Produce an exact transcription of the listing below, omitting the pictures.

MATERIAL PROVIDED:
───
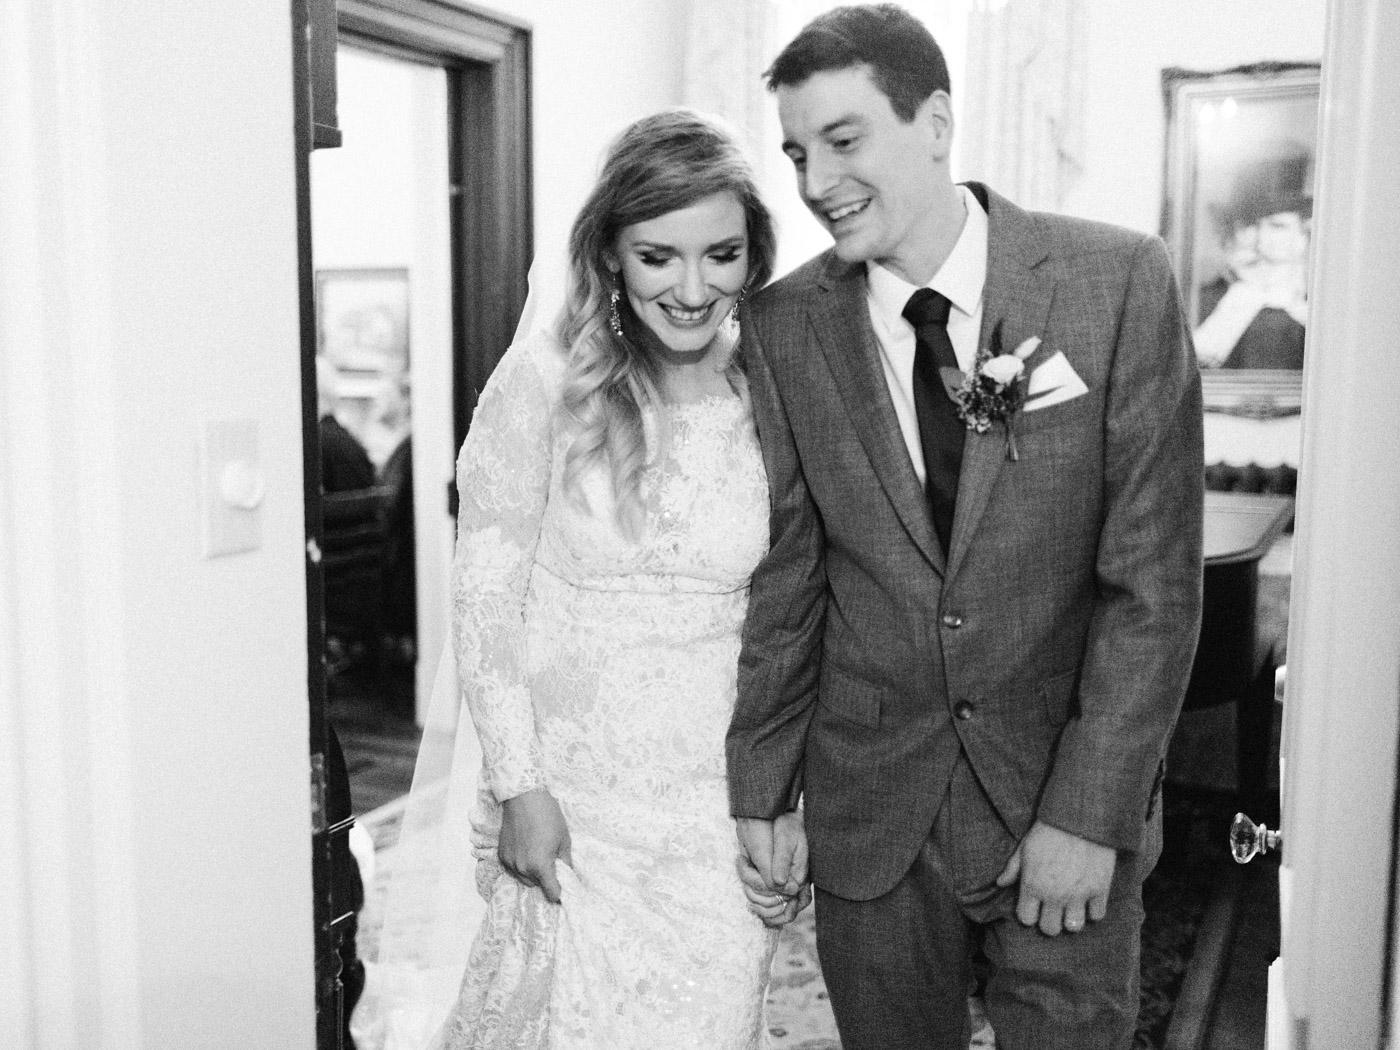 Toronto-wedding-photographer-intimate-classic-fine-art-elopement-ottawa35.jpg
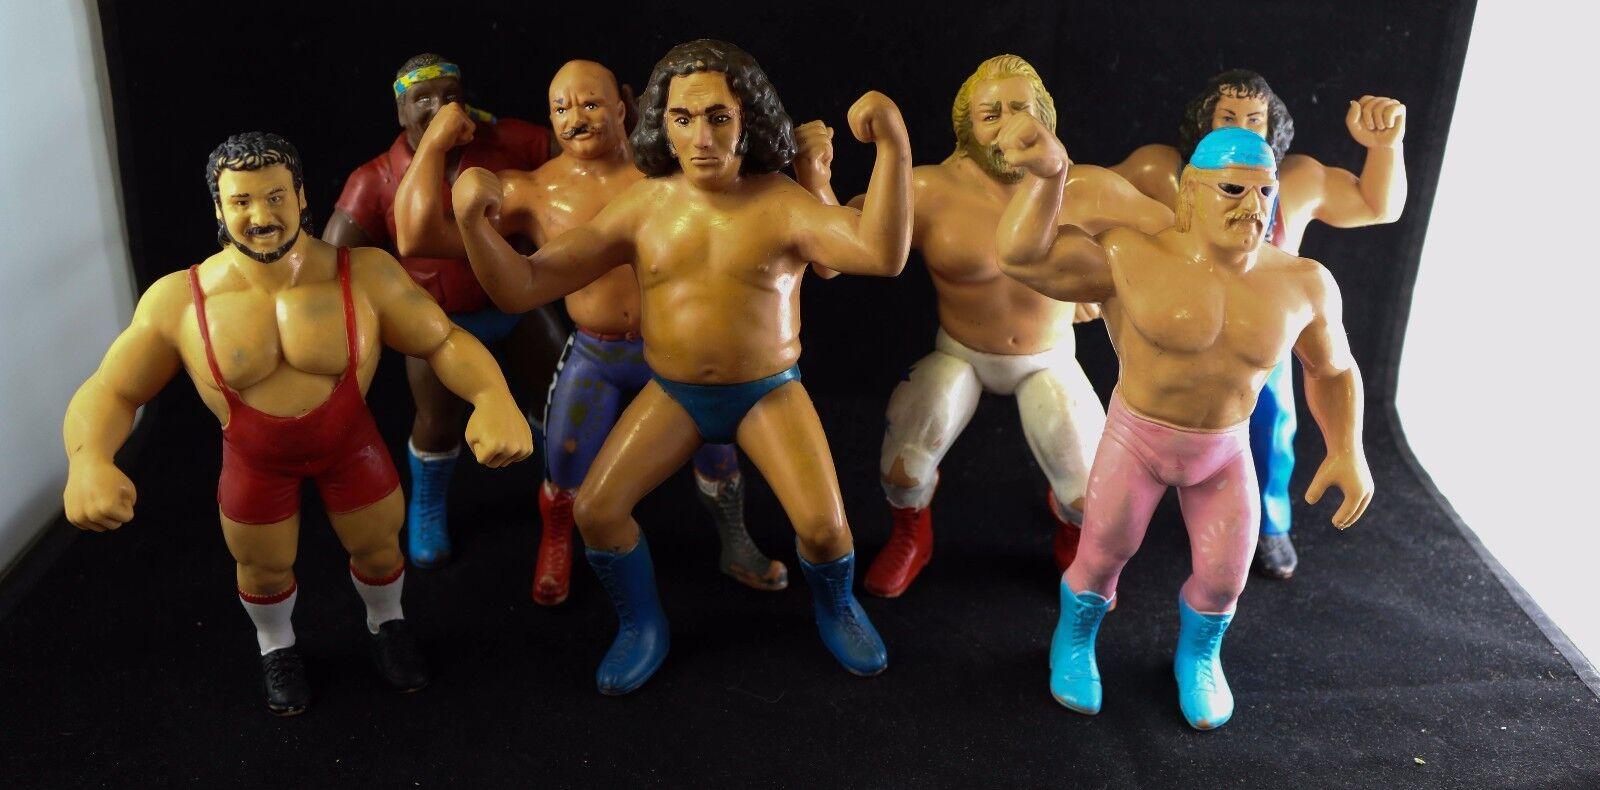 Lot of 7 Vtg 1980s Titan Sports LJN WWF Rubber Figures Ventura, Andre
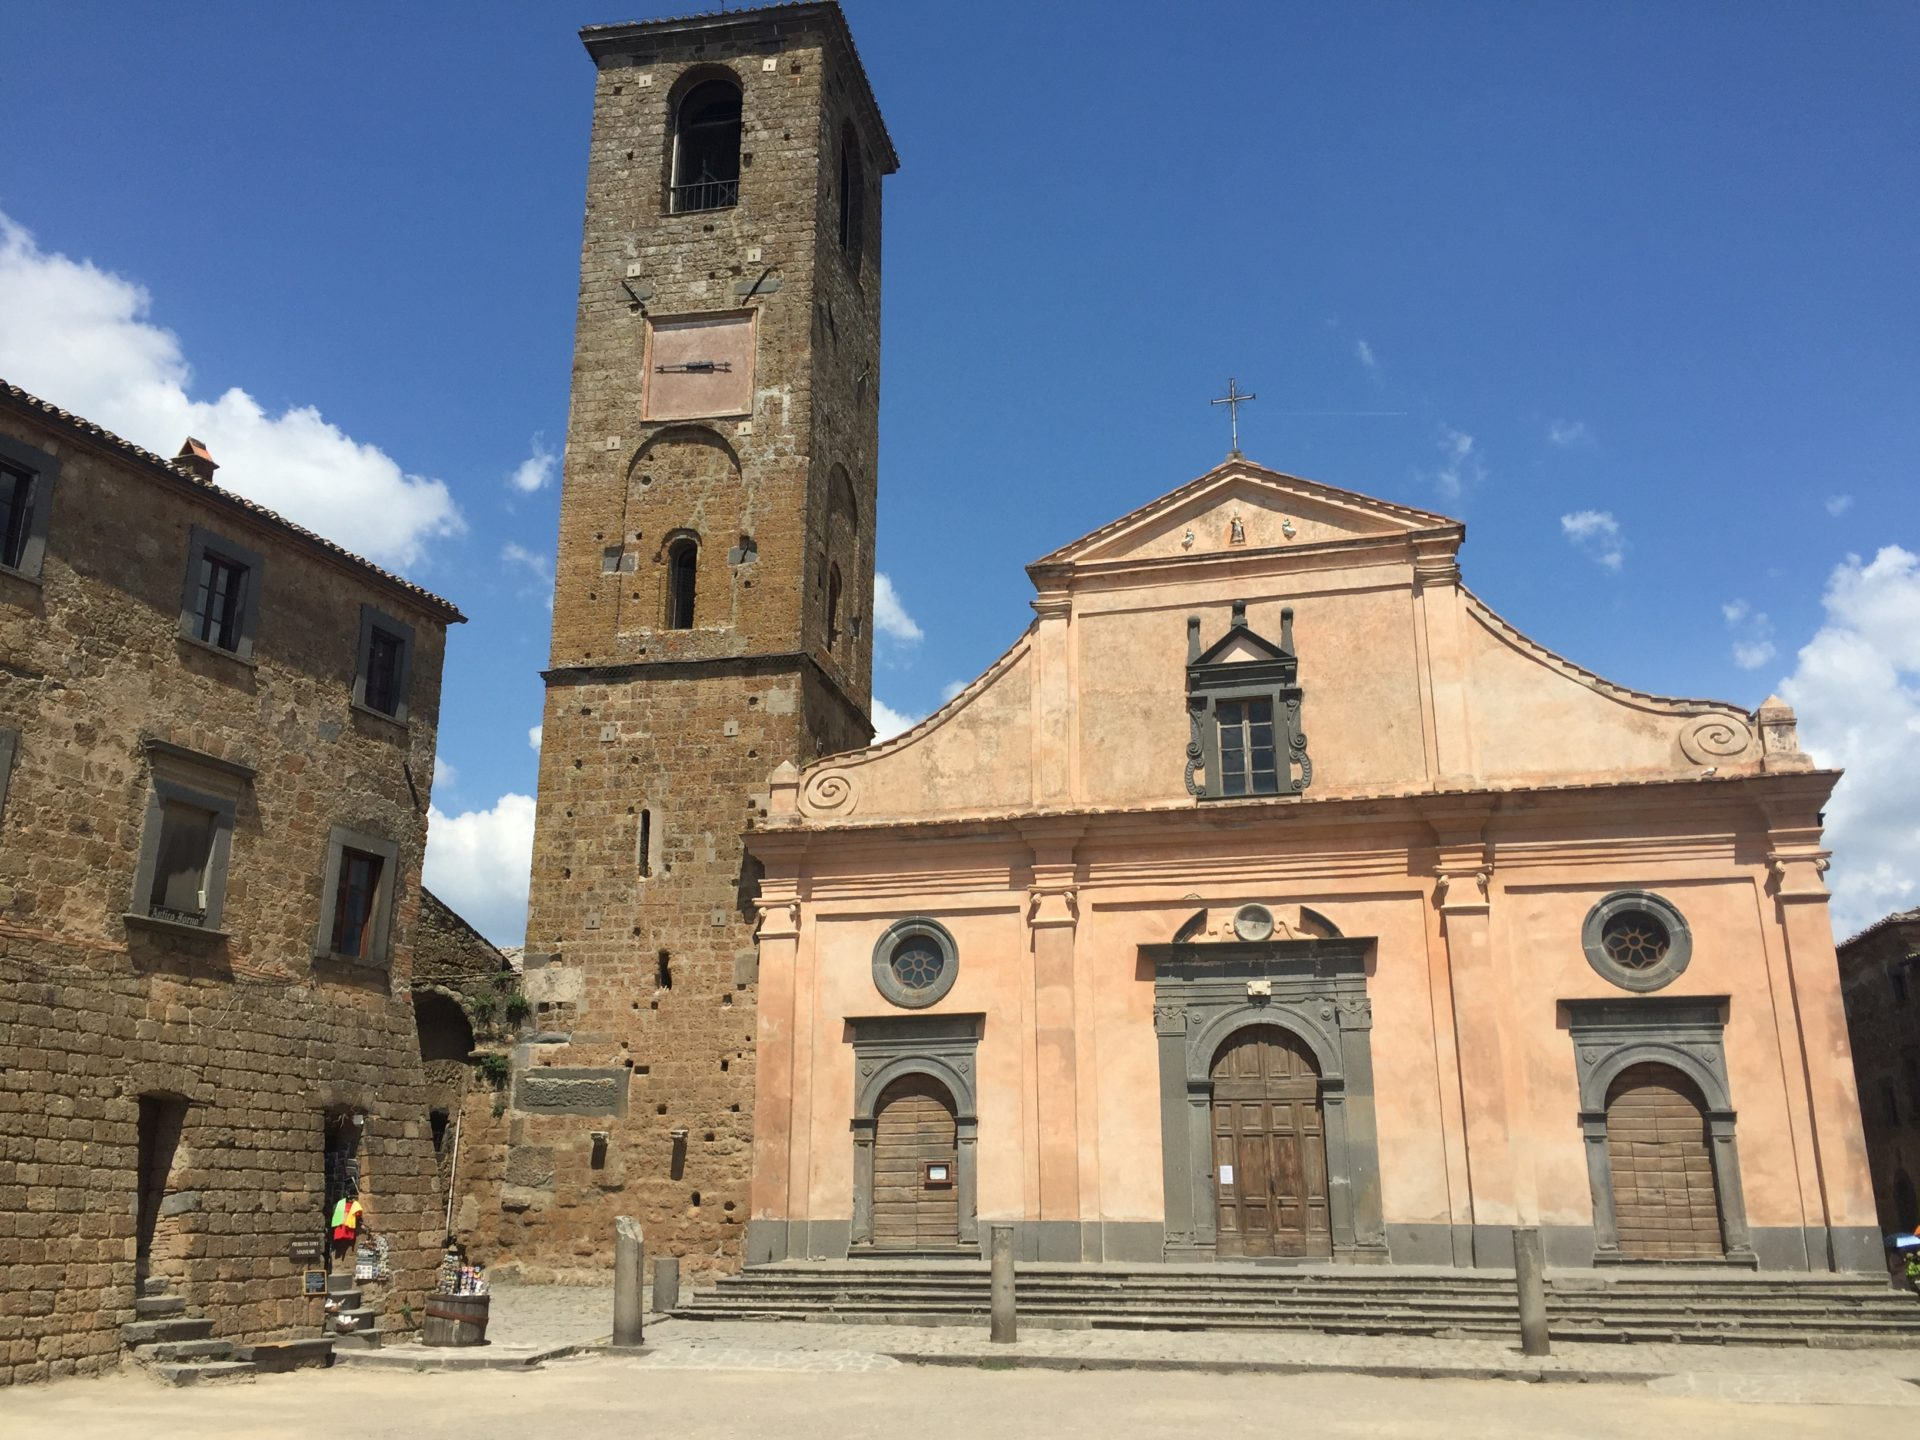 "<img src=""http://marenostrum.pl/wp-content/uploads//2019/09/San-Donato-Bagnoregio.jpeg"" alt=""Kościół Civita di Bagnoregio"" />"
───
YOUR SOLUTION:
 Toronto-wedding-photographer-intimate-classic-fine-art-elopement-ottawa35.jpg
 Lot of 7 Vtg 1980s Titan Sports LJN WWF Rubber Figures Ventura, Andre
 "<img src=""http://marenostrum.pl/wp-content/uploads//2019/09/San-Donato-Bagnoregio.jpeg"" alt=""Kościół Civita di Bagnoregio"" />"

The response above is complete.